I suspect that as lockdowns keep occurring and people get tired, or maybe they skip a maintenance cycle because they're trying to churn out as much toilet paper or personal health protection and safety devices, things are going to start to break sooner than later because of that. Or what'll happen is we'll get through this outage, and then because we've skipped all those maintenance cycles, a whole bunch of bad things and catastrophic failures are going to occur after the fact. So, I think while operations are still occurring reasonably well, even though it's at a reduced level and we're getting our packages, I think we're missing the behind-the-scenes part.
Before COVID, most industrial process equipment in general is and was, poorly protected, and it was designed also on a model that was for previous generations but doesn't work well in a modern digital age. So, for example, if we're talking about electronic system maintenance, generally there's a mindset of if it's not broken, don't fix it. Or better yet, people thought of the concept of multiple redundant lines would help you in a physical failure event but if you look at things from an electronic perspective, when something goes sideways, and surely it will, there is zero technological diversity in place to prevent all of the manufacturing unit cells or lines from being brought down by a single weaponized approach that would target all lines.

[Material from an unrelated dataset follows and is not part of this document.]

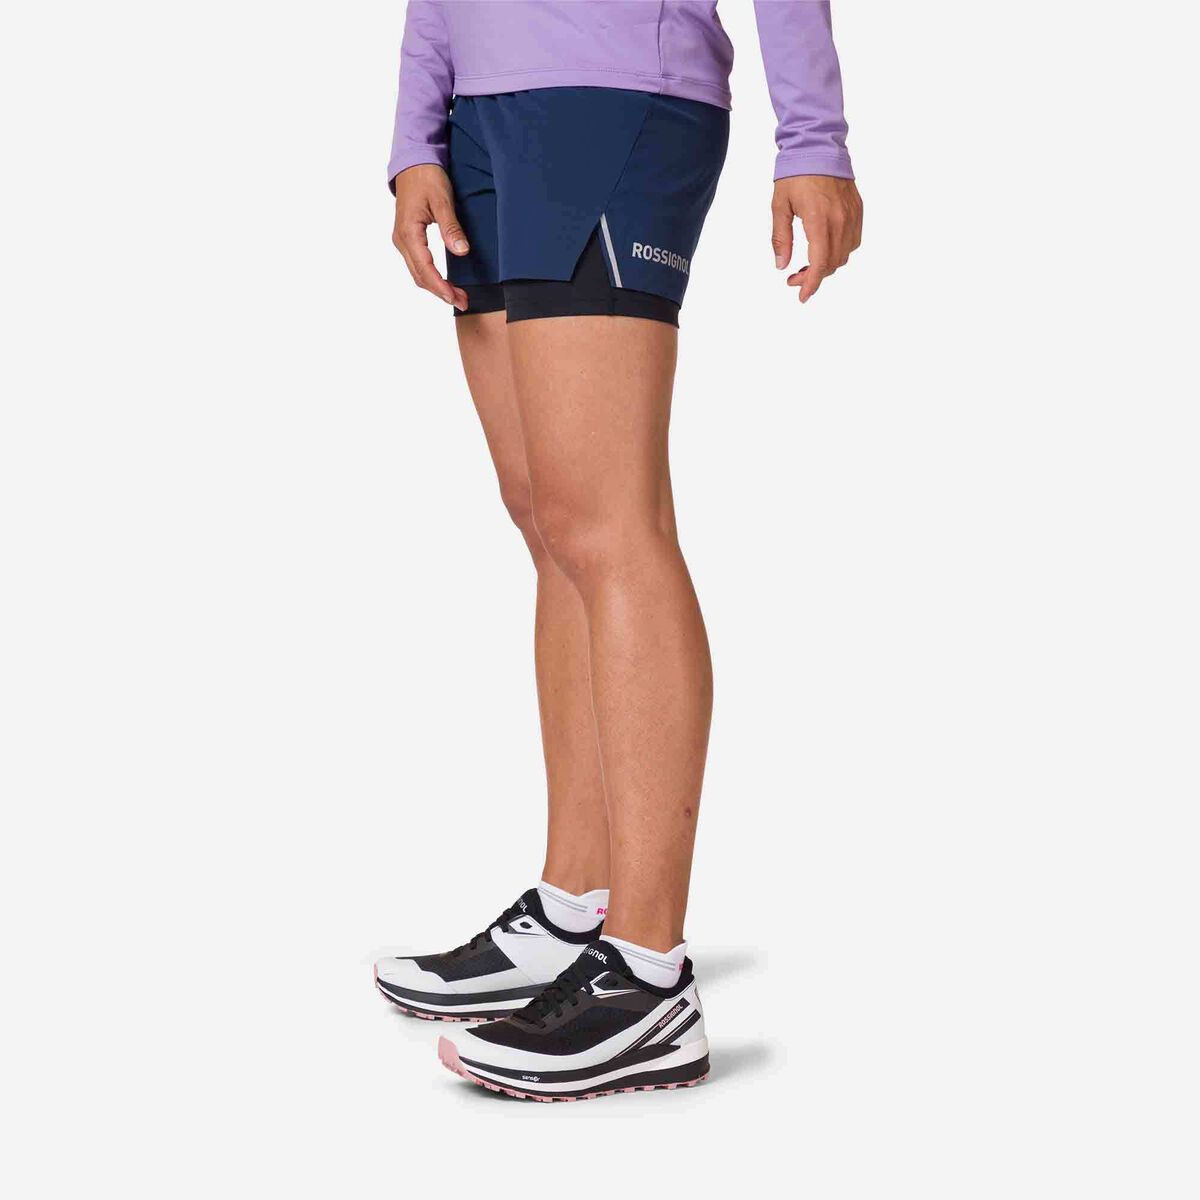 Rossignol Women's trail running shorts, Pants Women, Dark Navy

So, to summarize up what I'm trying to say, I guess it's like we are in a fragile state. Right now you're playing cyber roulette even though it looks like you're still getting your packages. But I do think that we're going to incur future costs as an unintended consequence, especially for maintenance. I think when a few of those links in the chain start to snap or be fatigued, the whole system or parts of the system will collapse. I do think we haven't done enough to promote resiliency with respect to industrial control systems and operational technology. But that's just my sense from all of the sites I've ever been to.

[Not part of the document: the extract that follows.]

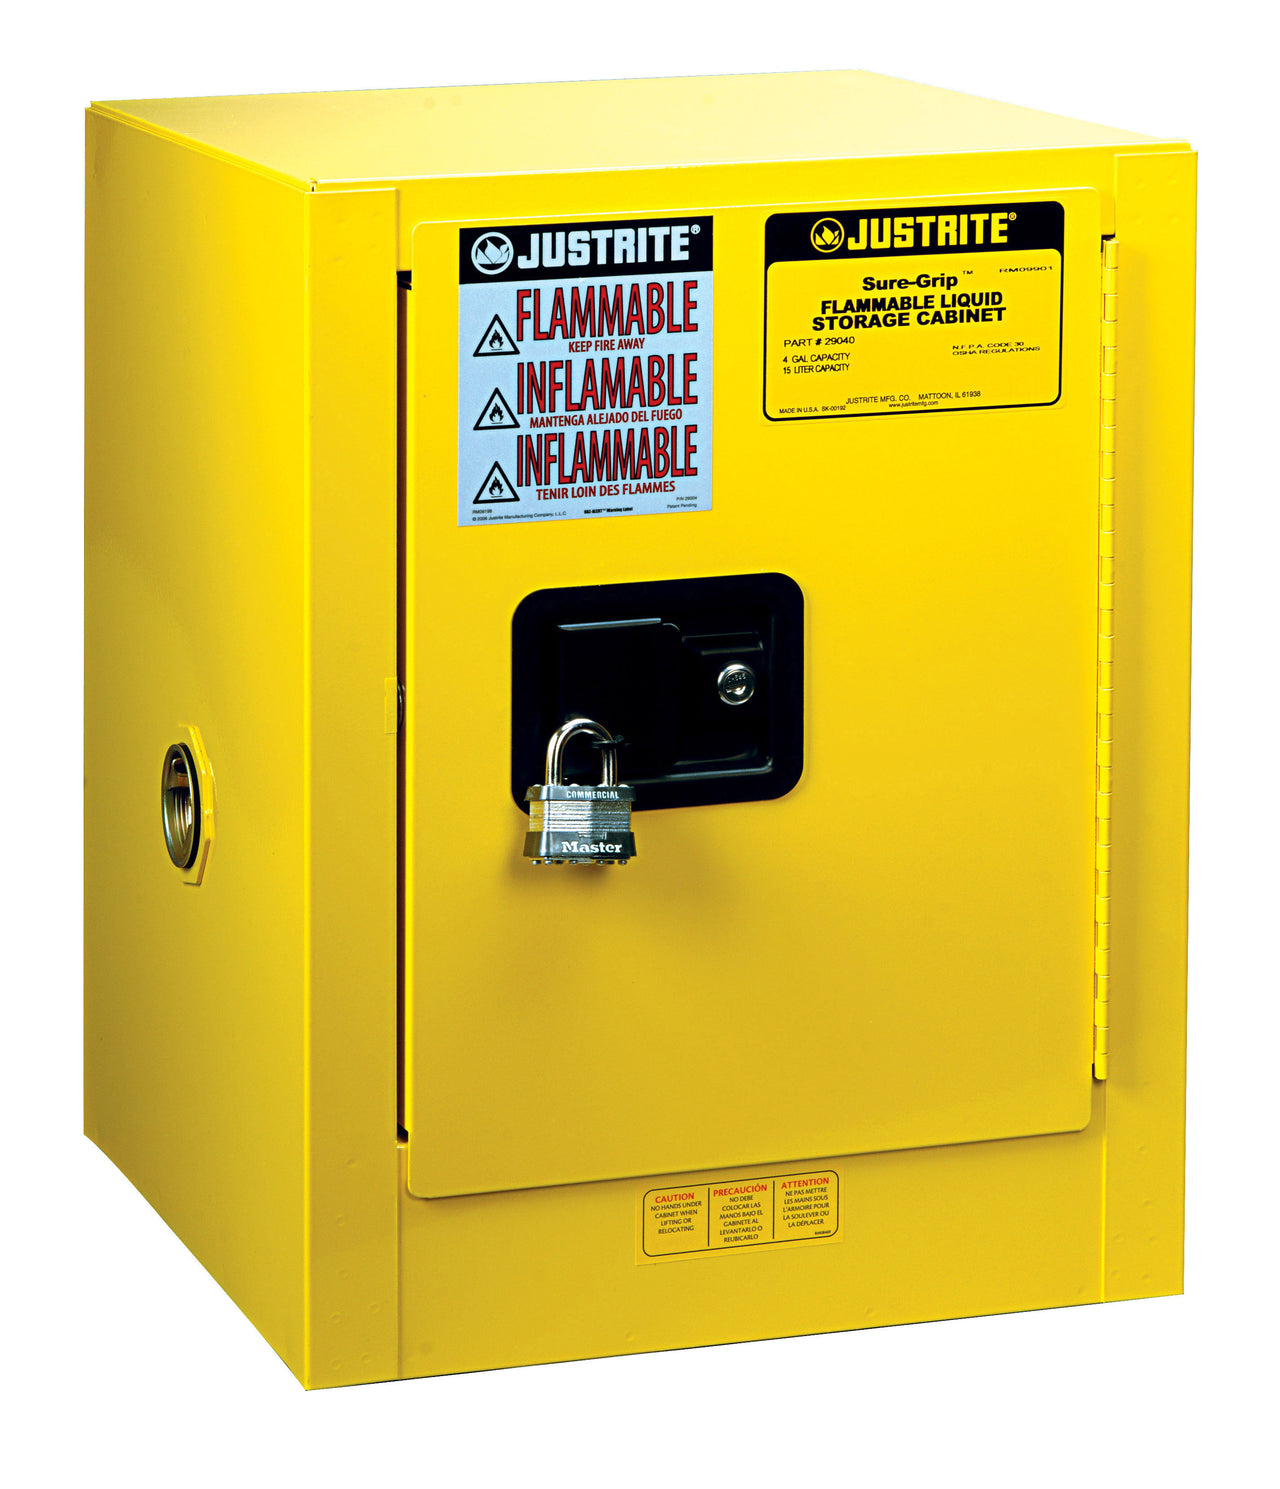 Justrite EX 4-Gallon Self-Closing Safety Storage Cabinet

I do think there's a big open question about what do we do after COVID. My perspective on the web of problems is that we have done a very poor job of investing in critical infrastructure and maintaining it and keeping it reliable. I think post-COVID, as companies/governments/municipalities will be really tightening their belts, I think and I fear, that people are going to let the security system, especially for maintenance of electronic systems, degrade even further because they're afraid of shutdowns and unintentional disruptions that result in a loss of revenue or service. In fact, we are starting to see it fail now in automotive – where they cannot get components, and so production is being halted or rationed.